In the district of Nanisana, the first school of chocolate making in the country, whose training is recognized by the State, celebrates its two years.

During this holiday season, the chocolate factory is running at full speed.

In the courtyard of Edenia chocolate factory, employees are busy shelling cocoa beans. 

“ 

We really train from the bean to the tablet. 

»

Achille Rajerison is the founder of the chocolate school 

There, we roast over a wood fire.

The equipment is expensive to make chocolate, but we can still adapt and with this technique, it is still the best, from the point of view of the result.

In the laboratory, Tafita and Patricia, chocolatiers and trainers tackle the crucial stage of chocolate tempering. 
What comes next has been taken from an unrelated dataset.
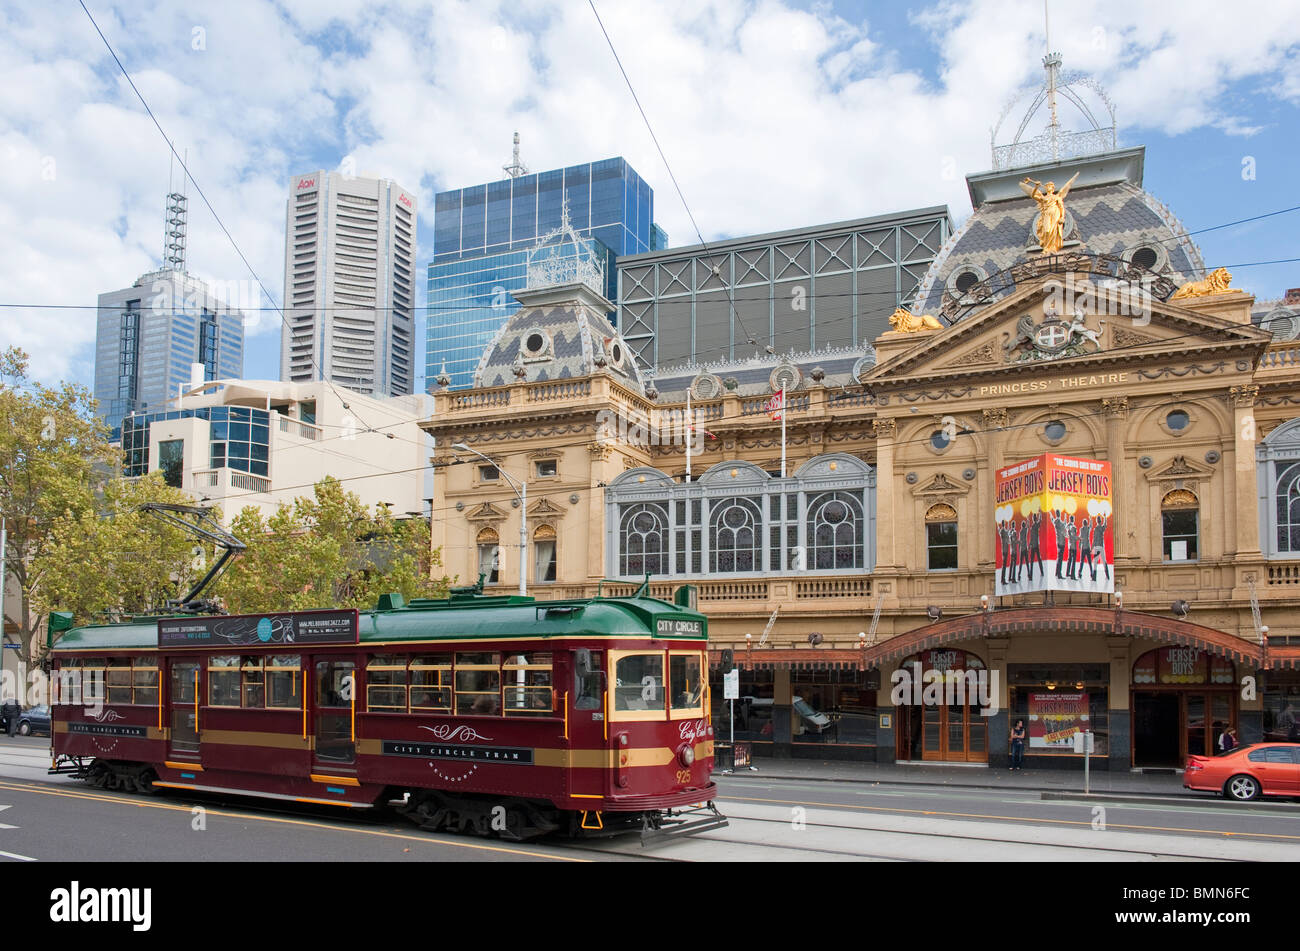 The Princess Theatre in Melbourne Stock Photo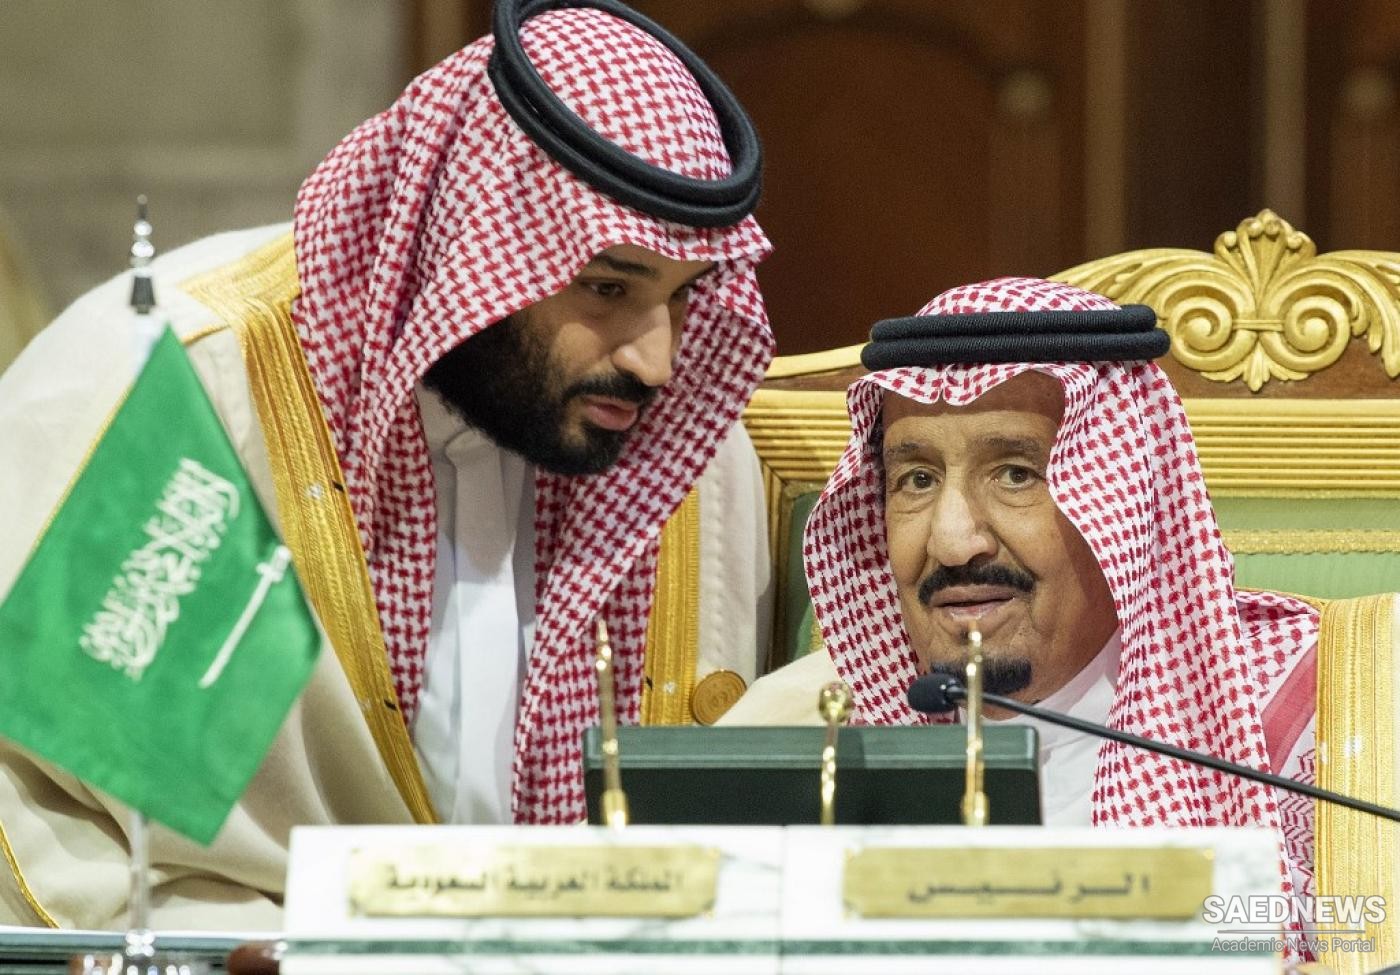 सऊदी अरब के राजा ने इस्लामिक रिपब्लिक ऑफ ईरान के खिलाफ आधारहीन आरोप लगाए

We are going to make bells for Christmas.

If it's too hot, the chocolate will whiten and if it's too cold, it will be difficult to unmold, explains Tafita.

That's what we call chocolate couverture.

We temper the chocolate and when the chocolate is ready, we can make bars like you see here and we can also prepare chocolate candies, says Patricia.

Baobab fruit, pink berry or kaffir lime combine with the aromas of Criollo and Trinitario beans. 

We have manufacturers who are known, that's already good, but we also have to show that we have craftsmen now, that these young people who are motivated have their own value and that is the ambition of this school.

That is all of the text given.